Researchers from Université Catholique de Louvain said that the human pancreatic duct-derived cells (HDDCs), which were reprogrammed using messenger RNA as a transcription factor, could be further developed to be used for patients with type 1 diabetes.

"The novelty of our work resides in the use of adult tissue that avoids the risks related to stem cells, such as cancer, and of a protocol that modifies the cells with a direct action on DNA without any structural modification," Philippe Lysy, MD, PhD, of Université Catholique de Louvain, Belgium, said in a press release. “Our system for cellular reprogramming with transcription factors using mRNA opens doors for experiments in other scientific fields with the objective to produce cells with a new function in the context of diseases with a loss-of-function."

In the study, researcher reprogrammed HDDCs to behave like beta cells and secrete insulin within the pancreas while responding to glucose.

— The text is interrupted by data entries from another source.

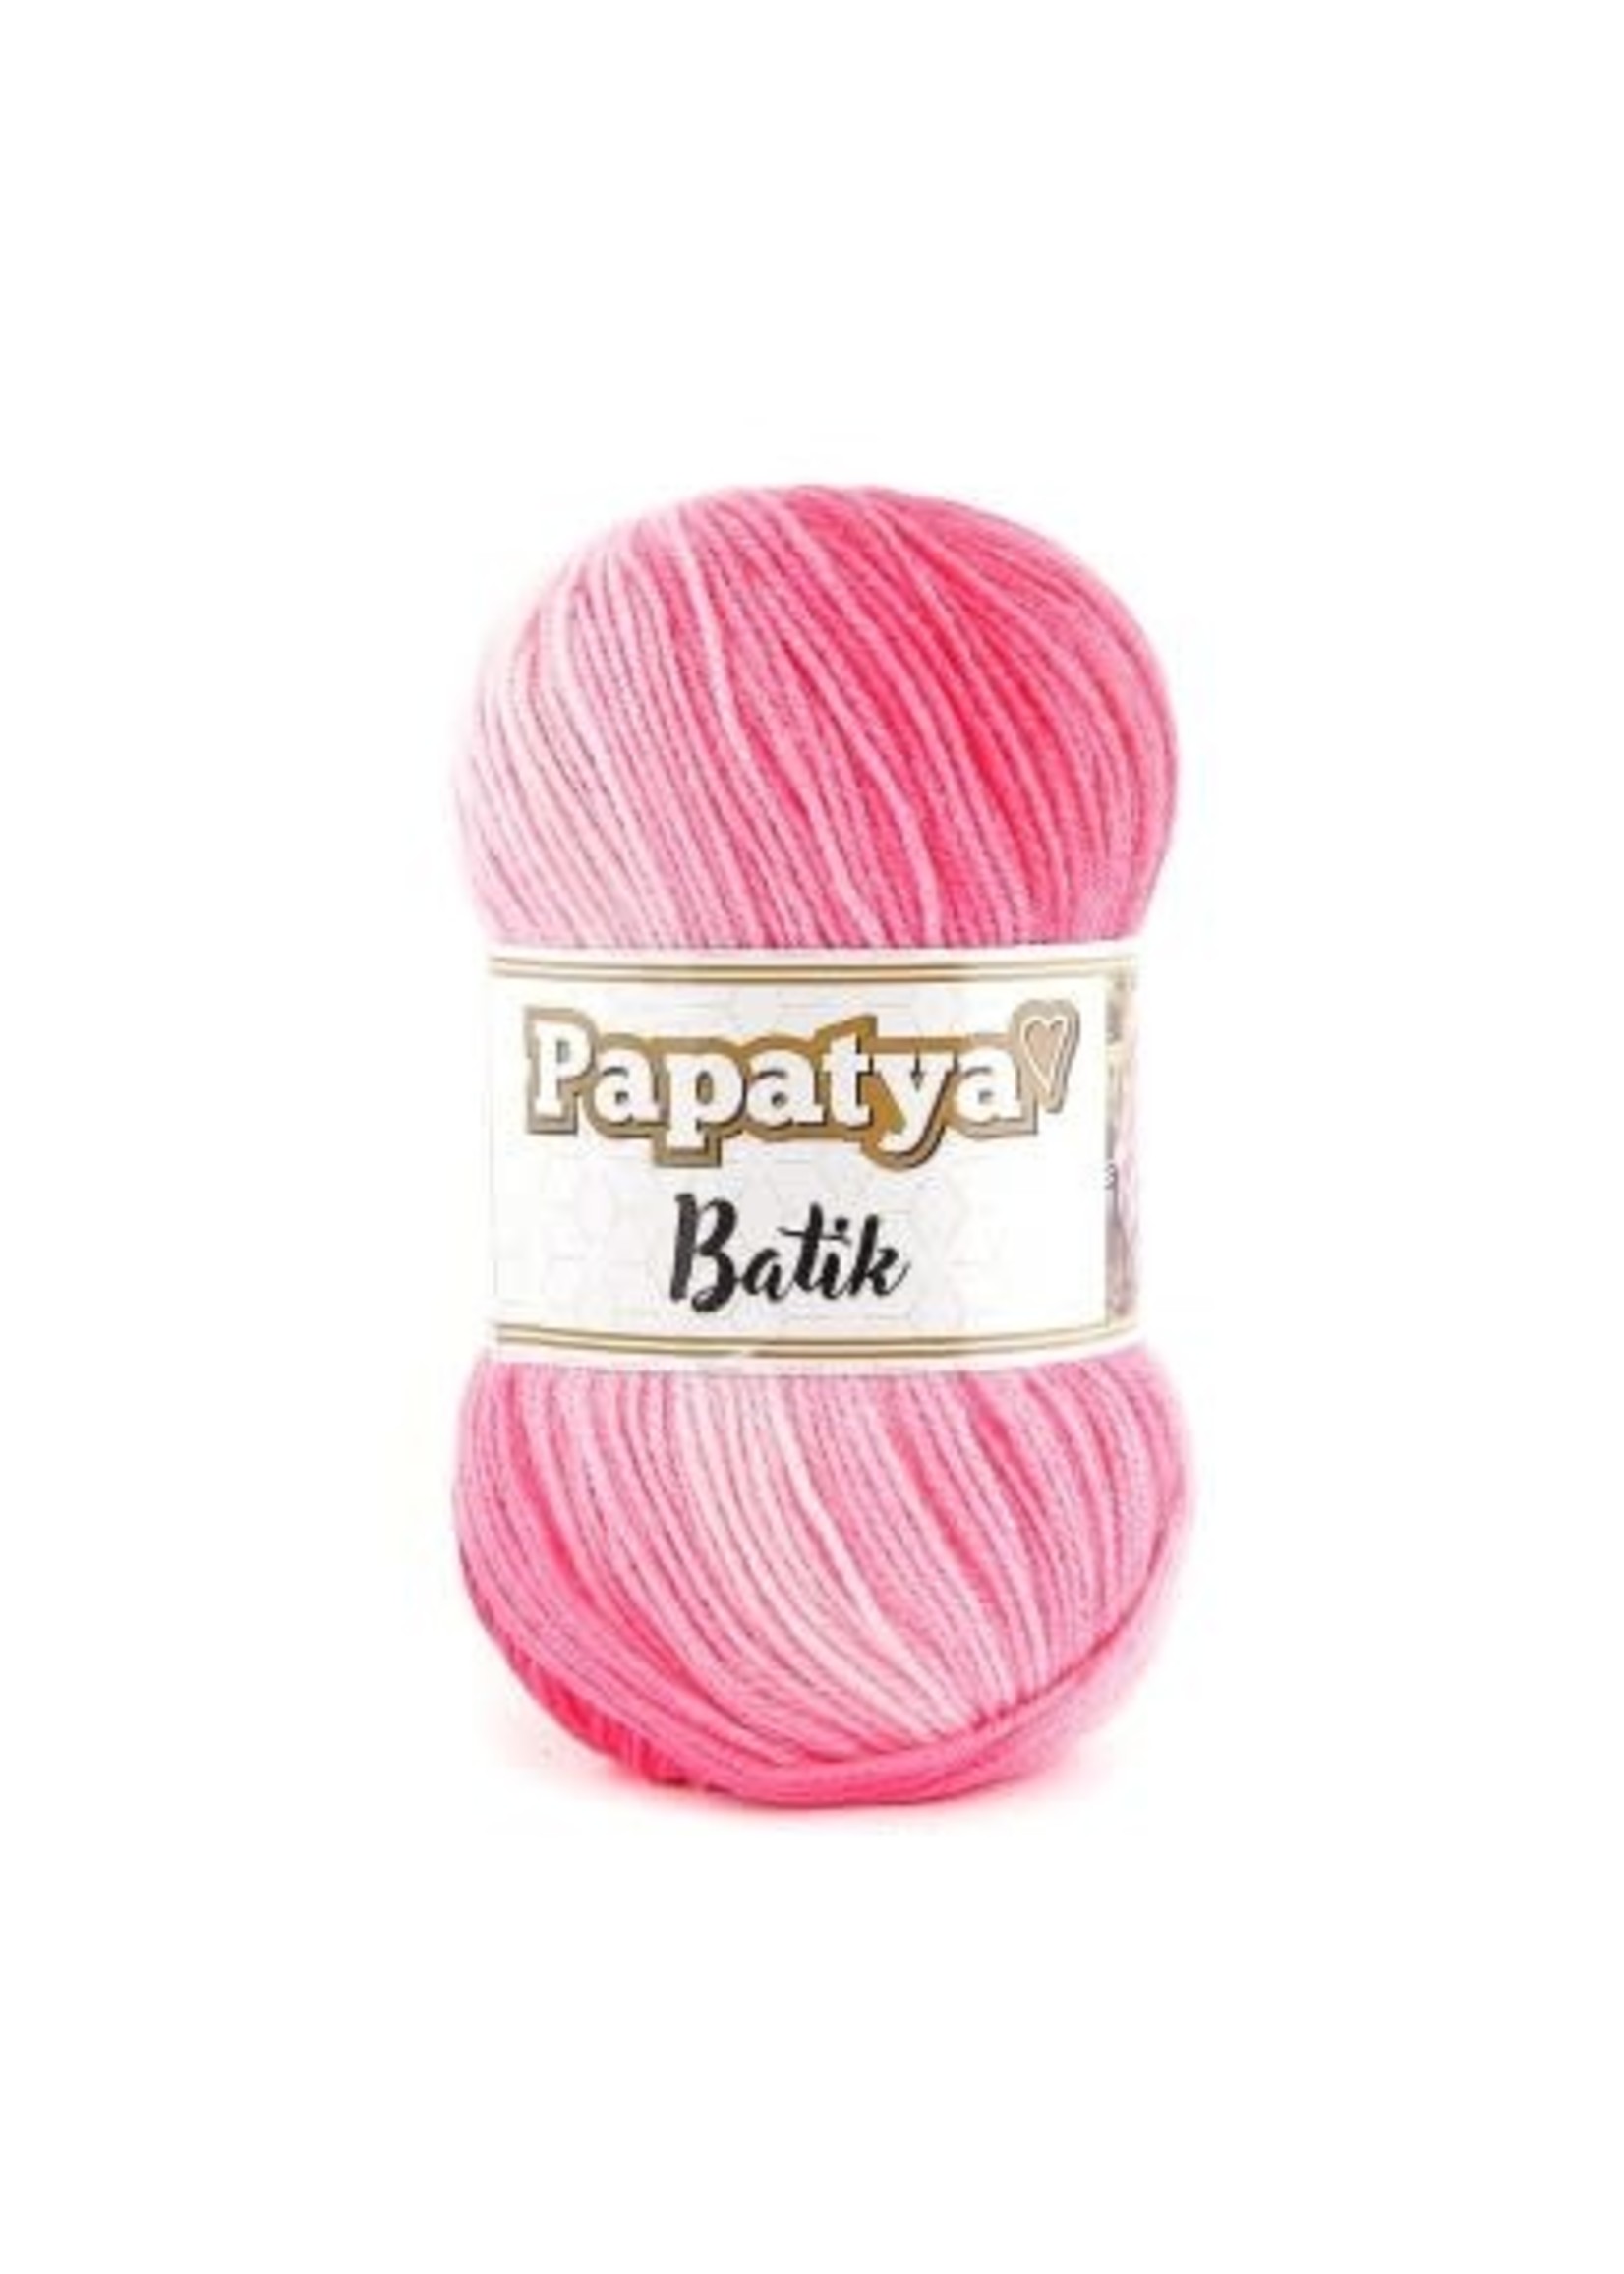 Papatya Papatya Batik - 05 Liefde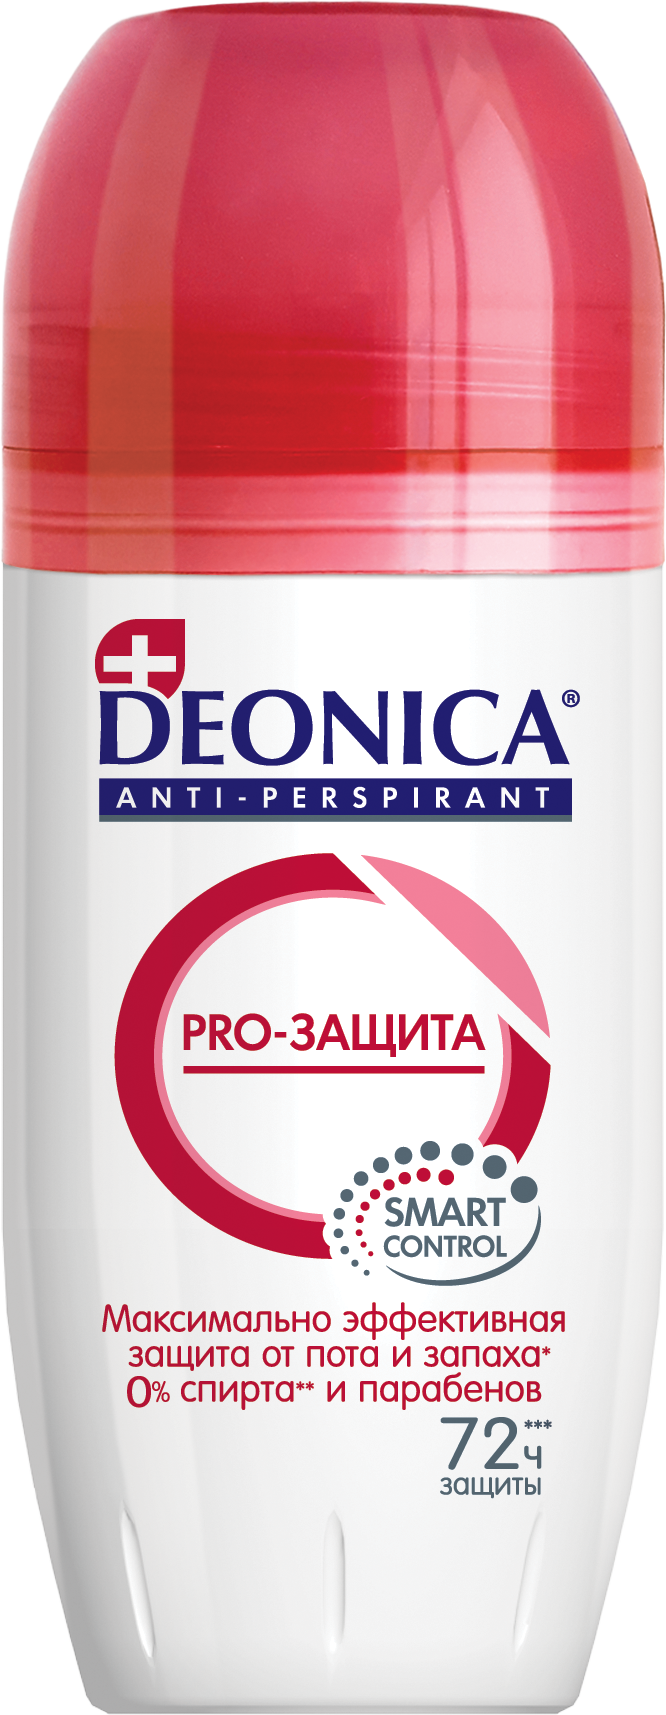 фото упаковки Deonica Антиперспирант Pro-защита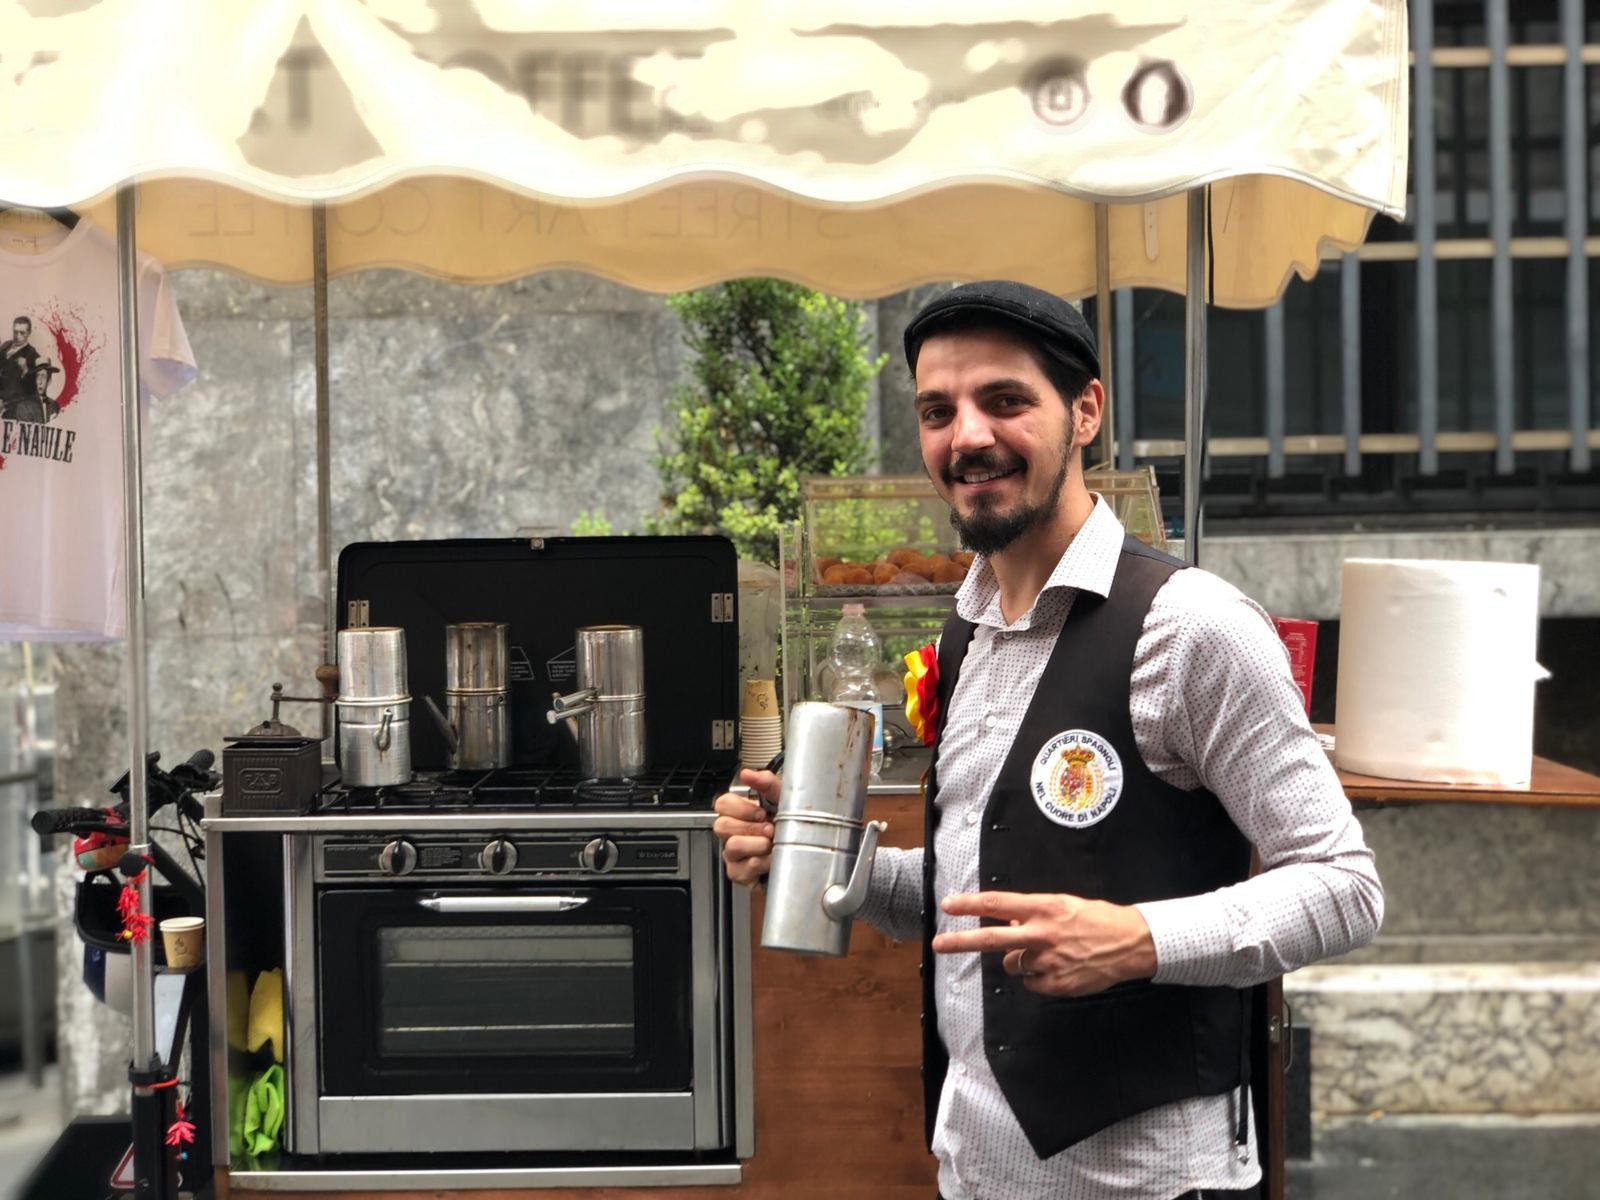 Exploring the cuccuma: A traditional Neapolitan coffee pot

The researchers used mRNA of a transcription factor — a protein that controls which genes are turned off or on in the genome — called MAFA. The mRNA is transformed into protein before binding to cellular DNA in order to orchestrate the changes in cellular functions.

The technique allowed the researchers to avoid any potential genetic modification of the target cells, the researchers noted. A mouse model has already been developed and ongoing studies continue.

"With ongoing in vivo studies, we are analyzing the potential of our reprogrammed cells to function and secrete insulin into a body according to blood glucose levels," Lysy said in the press release. "Our objectives are to evaluate the conditions that allow banking of our reprogrammed cells in clinically compatible procedures.”

Reference:

Lysy P, et al. “RNA-based MAFA over-expression is sufficient to drive human pancreatic duct-derived cells toward a b-cell-like phenotype.” Presented at: 54th Annual European Society for Paediatric Endocrinology Meeting; Oct. 1-Oct. 3, 2015; Barcelona.

Disclosure: Endocrine Today was unable to confirm any relevant financial disclosures.